# Il vostro artista preferito



## Darren Marshall (14 Novembre 2012)

In generale qual'è il vostro artista preferito? Dovessi fare un solo nome io citerei Vincent Van Gogh, i suoi lavori lasciano sempre spazio all'immaginazione di chi li osserva.


----------



## Blu71 (14 Novembre 2012)

Vado sul classico: Caravaggio, Michelangelo, Giotto, Tiziano.


----------



## AcetoBalsamico (14 Novembre 2012)

Vincent Van Gogh, nessuno come lui secondo me, era in grado di esprimere il dolore di vivere. " Campo di grano con volo di corvi ", che è tra l'altro il suo ultimo dipinto, è una sinfonia di colori che seppur semplici danno vita alla tela, rendendoci partecipi del suo profondo dolore. 

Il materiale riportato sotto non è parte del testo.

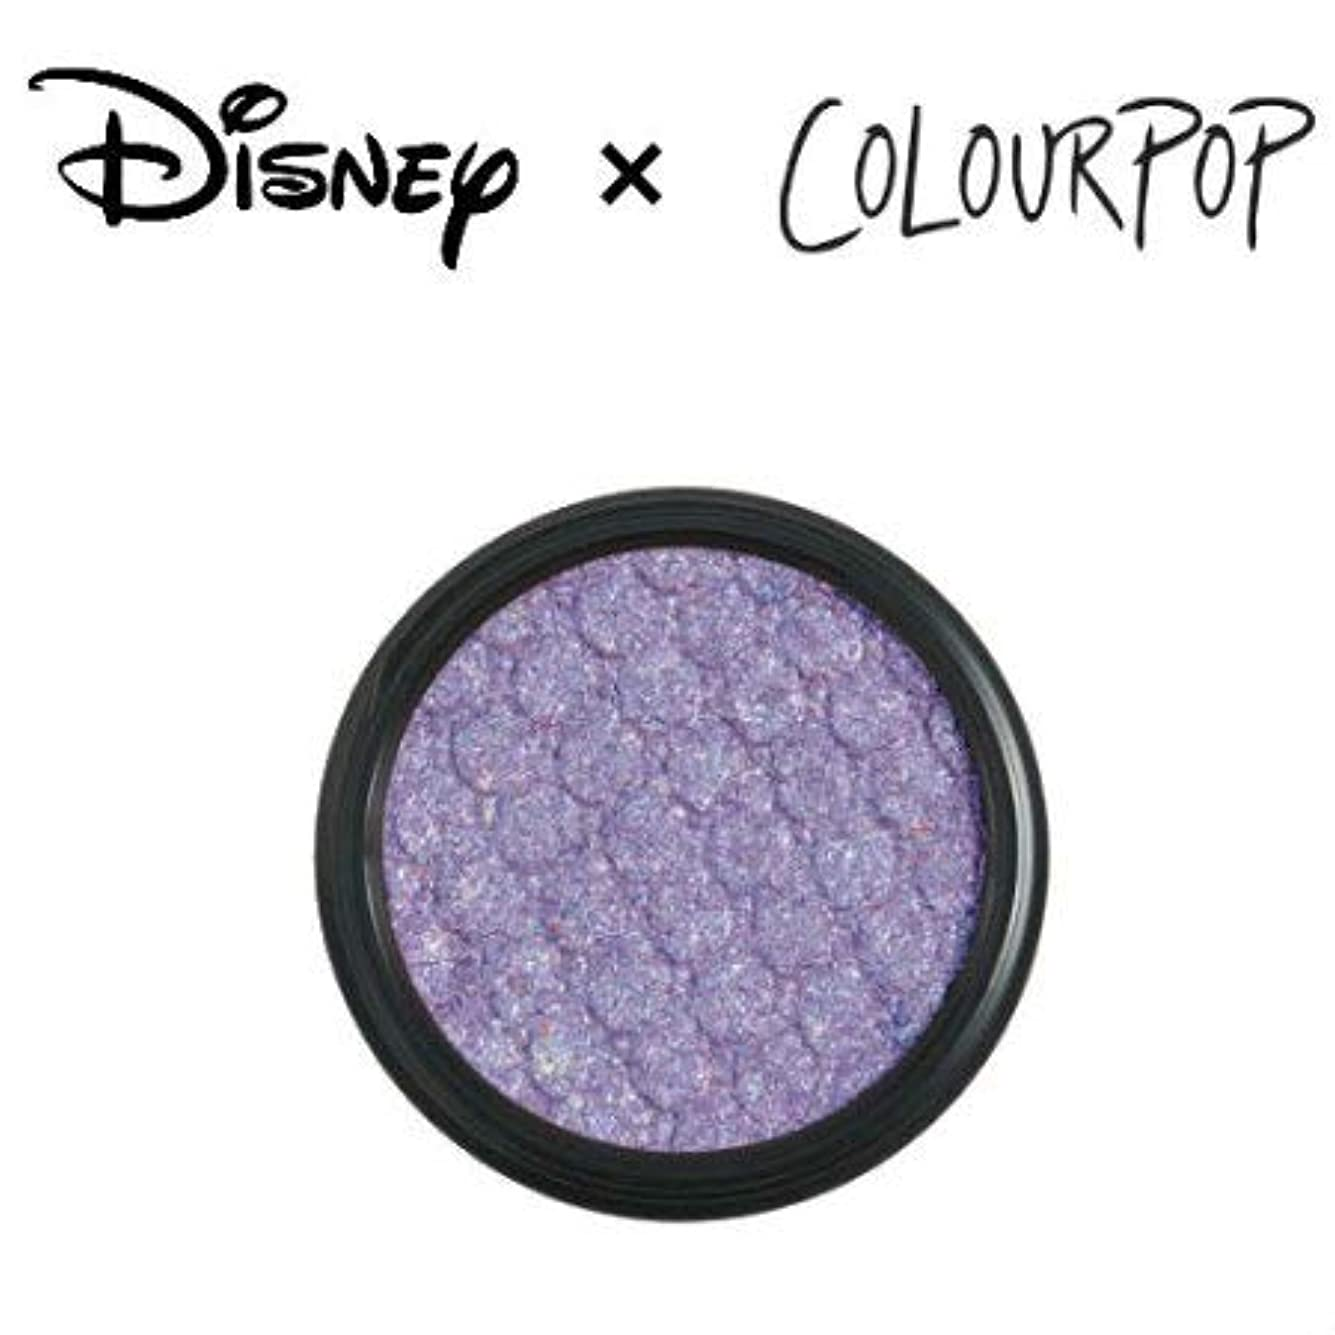 カラーポップ COLOURPOP x DISNEY ディズニー プリンセス アイシャドウ A WHOLE NEW WORLD(アイシーラベンダー)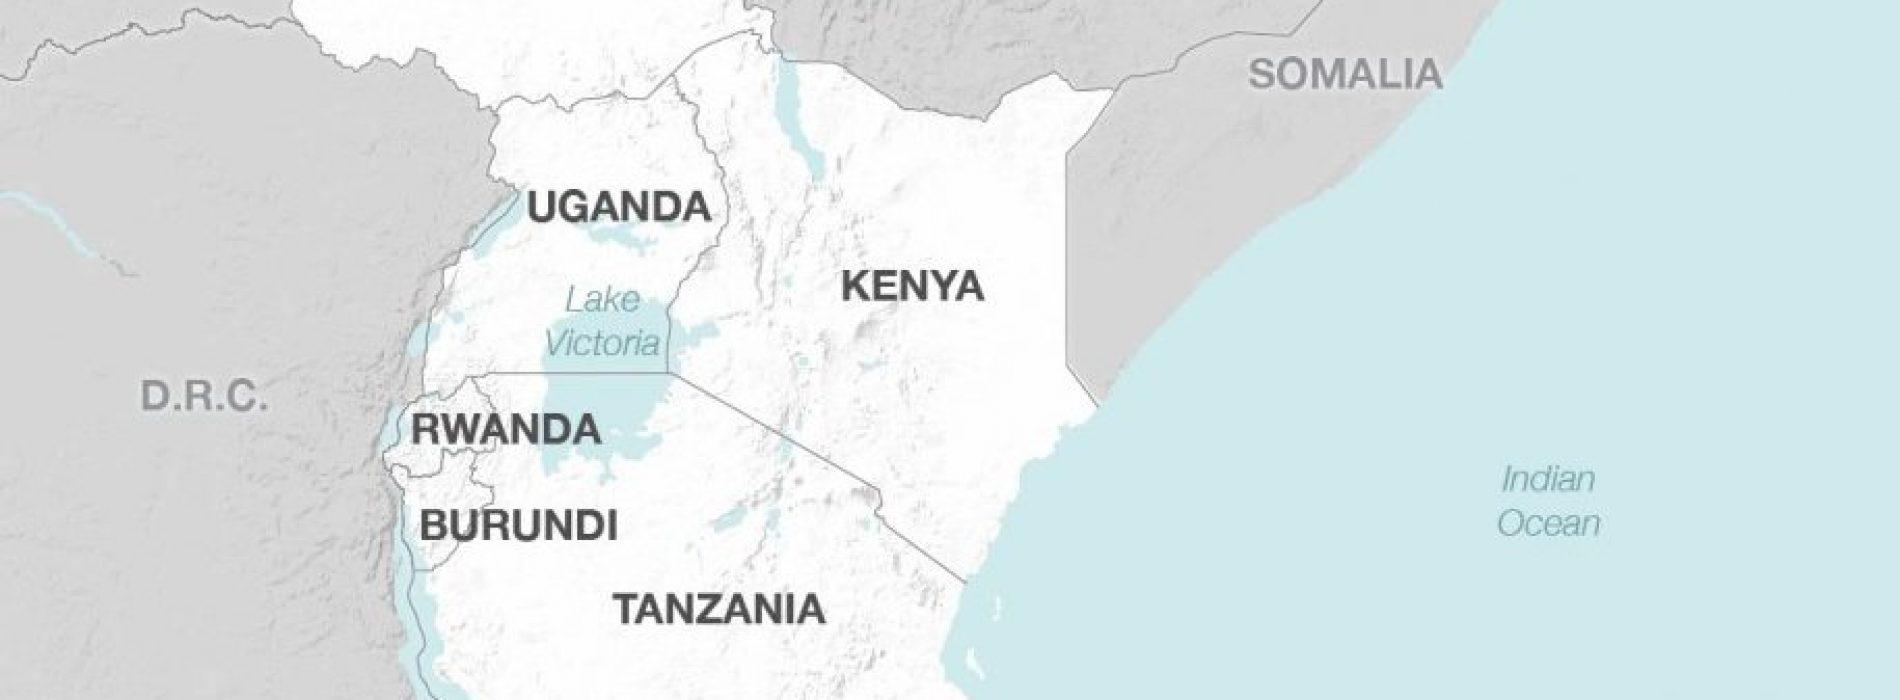 Africa Orientale, dove la realtà si scontra con l'ambizione

Almeno qui che posso faccio il saccente  ! E più in generale adoro la Pop Art e il Dadaismo.


----------



## Canonista (14 Novembre 2012)

Dada 

Dragan


----------



## Brain84 (15 Novembre 2012)

1. Dalì
2. Caravaggio
3. Leonardo
4. Warhol
5. Picasso


----------



## Darren Marshall (15 Novembre 2012)

AcetoBalsamico ha scritto:


> Vincent Van Gogh, nessuno come lui secondo me, era in grado di esprimere il dolore di vivere. *" Campo di grano con volo di corvi "*, che è tra l'altro il suo ultimo dipinto, è una sinfonia di colori che seppur semplici danno vita alla tela, rendendoci partecipi del suo profondo dolore.
> 
> Almeno qui che posso faccio il saccente  ! E più in generale adoro la Pop Art e il Dadaismo.


----------



## juventino (15 Novembre 2012)

Avendo fatto 5 anni di storia dell'arte più o meno li ho visti tutti, ma in assoluto colui che mi ha colpito di più di tutti è stato Van Gogh alla èari con il Caravaggio.


----------



## Jaqen (15 Novembre 2012)

Artista in che senso? In che campo?

Visti i nomi già citati il Caravaggio era qualcosa di superiore a tutti imho.
[MENTION=293]juventino[/MENTION], vogliamo parlare di Canaletto però?


----------



## AcetoBalsamico (15 Novembre 2012)

Darren Marshall ha scritto:


>



Era uno dei punti cardine della mia tesina.


----------



## Andreas89 (15 Novembre 2012)

Per quel che capisco d'arte(relativamente poco)Van Gogh è quello che mi ha colpito maggiormente.Oltre all'olandese mi piace anche Michelangelo!


----------



## Livestrong (15 Novembre 2012)

Chopin


----------



## juventino (15 Novembre 2012)

Jaqen ha scritto:


> Artista in che senso? In che campo?
> 
> Visti i nomi già citati il Caravaggio era qualcosa di superiore a tutti imho.
> [MENTION=293]juventino[/MENTION], vogliamo parlare di Canaletto però?



Un grande anche lui.


----------



## Now i'm here (15 Novembre 2012)

leonardo da vinci, un genio universale. 

in campi più ristretti, cito anche io caravaggio e mozart.


----------



## francylomba (16 Novembre 2012)

Leonardo da Vinci genio 

Raffaello adoro la scuola d'atene e tutto quello che c'e nelle sue stanze ai Musei Vaticani 

non sopporto l'arte moderna , voglio vedere se qui qualcuno è fan del mitico Piero manzoni !


----------